• **PROBLEM STATEMENT**
Only one span of the material below is wanted. Output it exactly, from the line with "Casa in mattoni" through the line with "Bild som visar", without any pictures.

• **RECORDS FOR PROCESSING**

#####

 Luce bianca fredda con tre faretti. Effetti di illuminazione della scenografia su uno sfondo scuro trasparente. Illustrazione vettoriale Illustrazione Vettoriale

#####

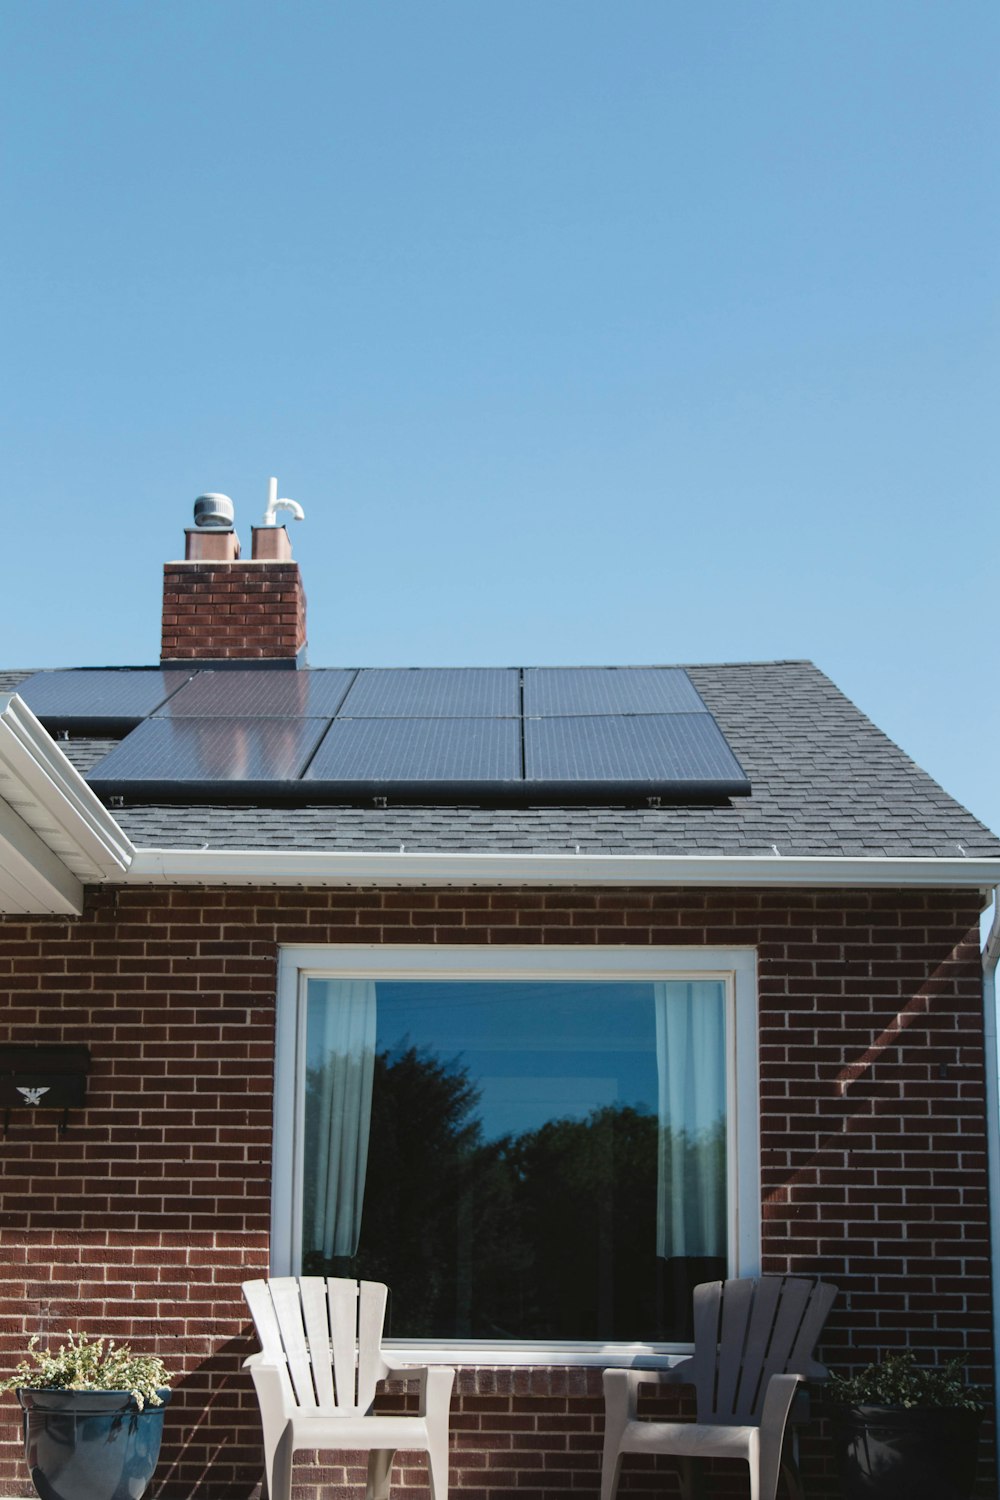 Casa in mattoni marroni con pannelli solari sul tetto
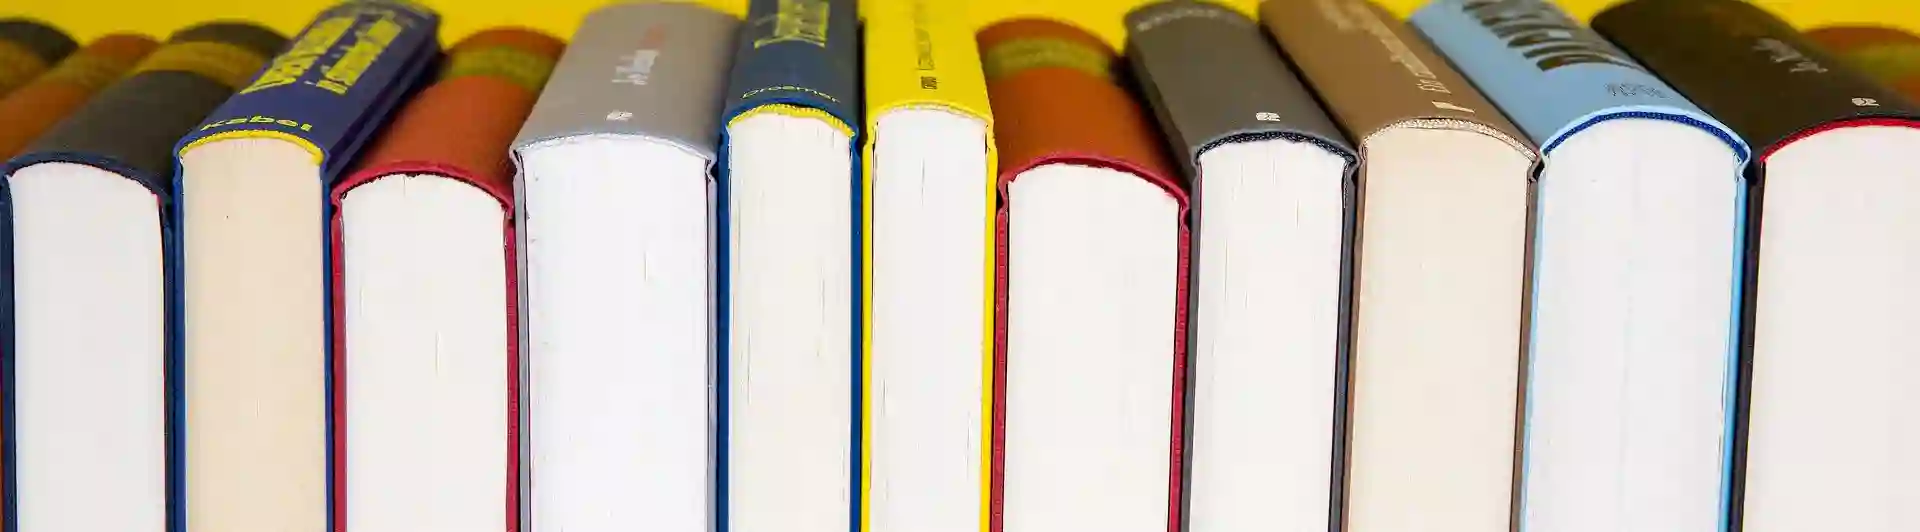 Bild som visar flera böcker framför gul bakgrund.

#####

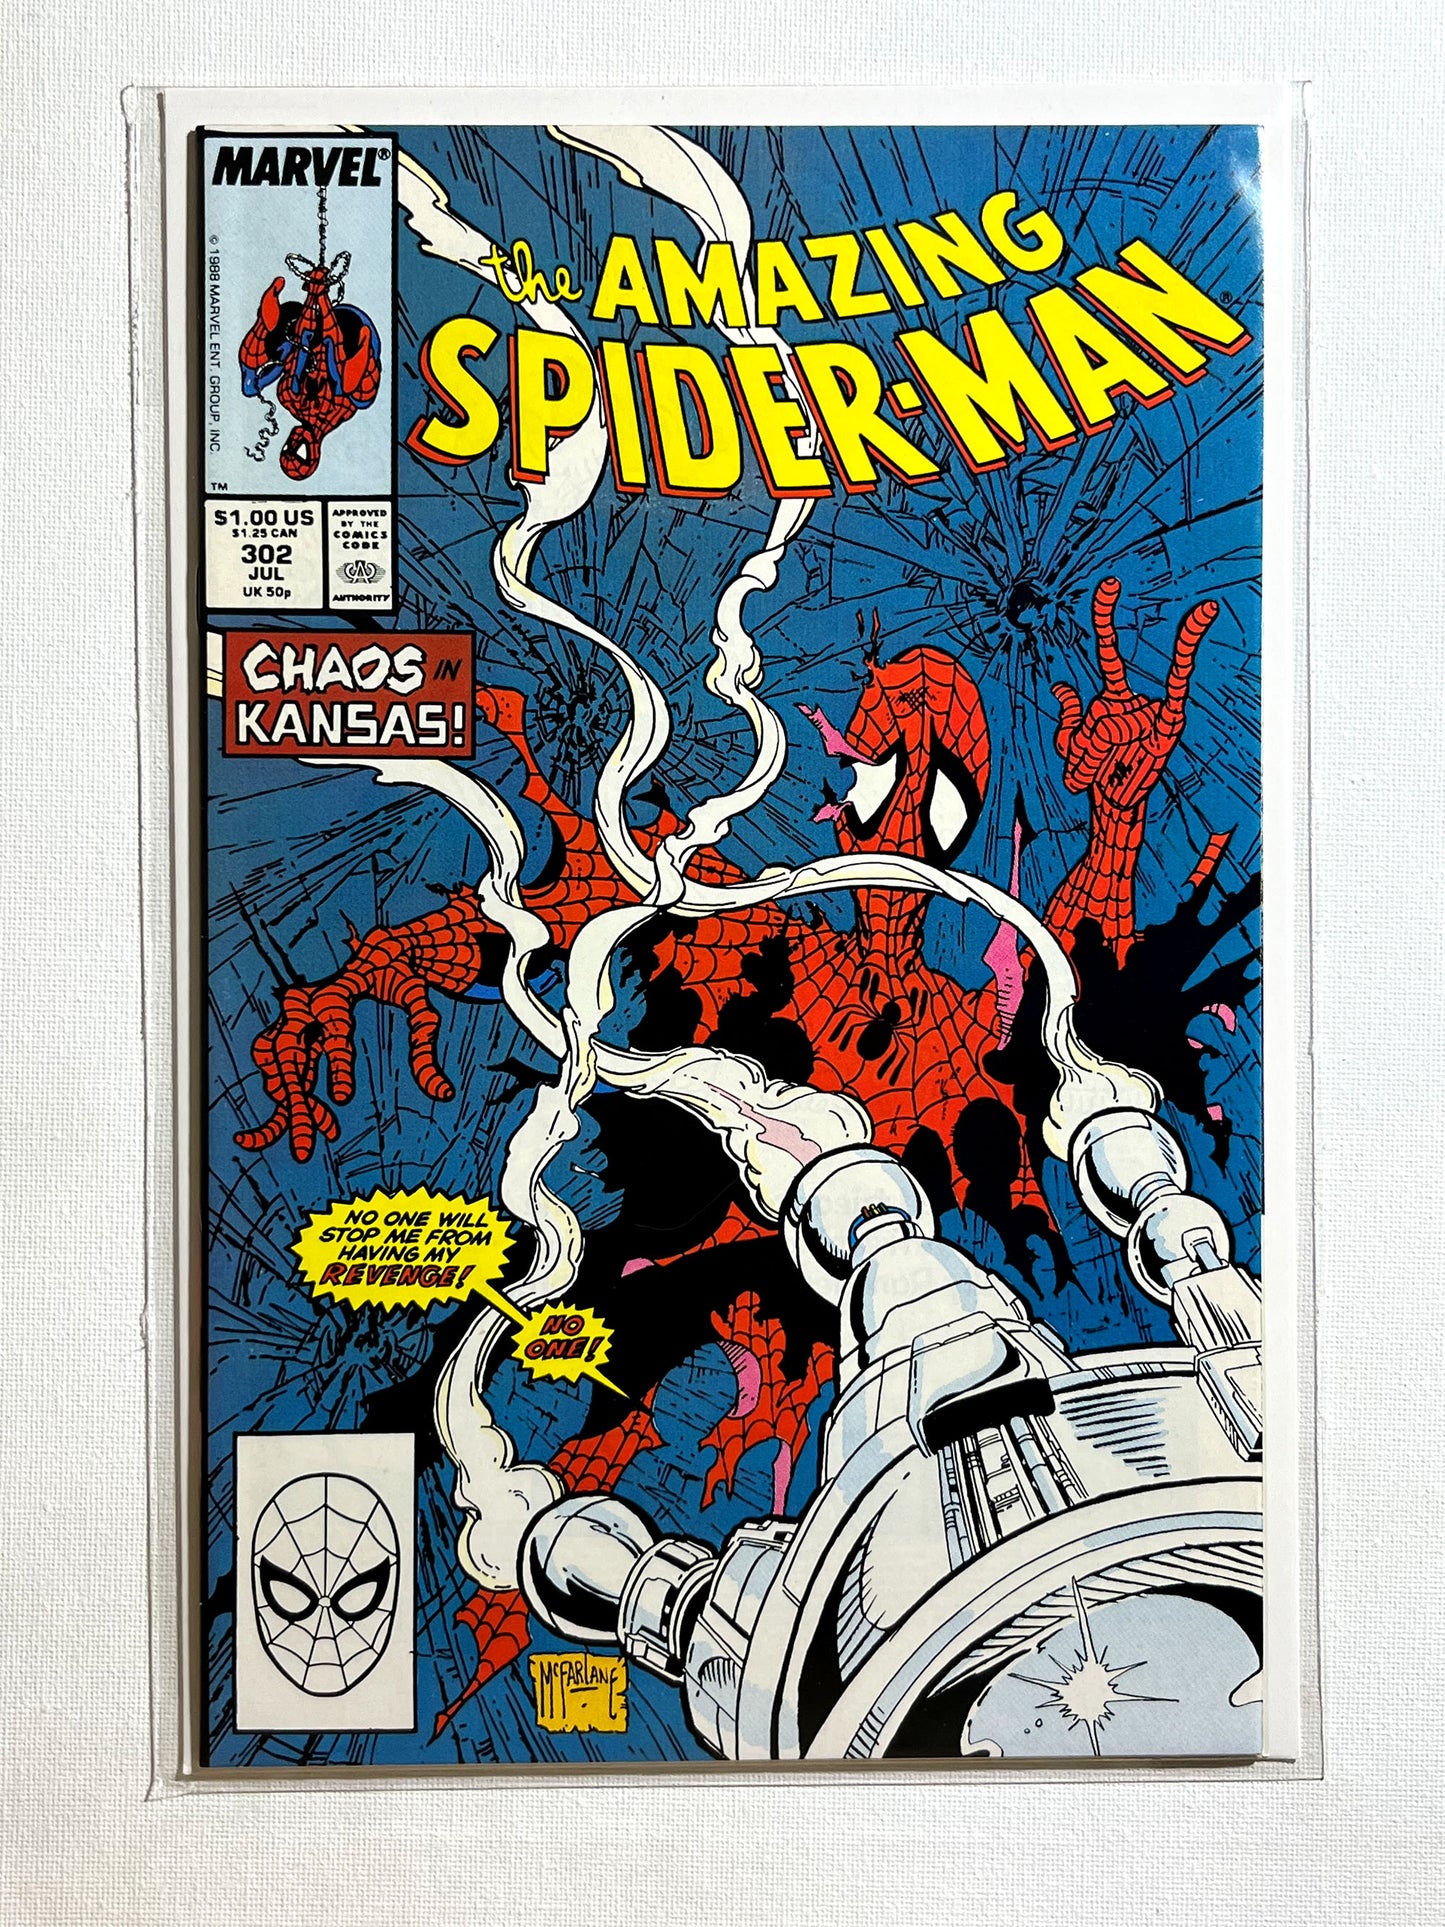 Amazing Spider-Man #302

#####

• **RESPONSE TO THIS EXERCISE**
 Casa in mattoni marroni con pannelli solari sul tetto
 Bild som visar flera böcker framför gul bakgrund.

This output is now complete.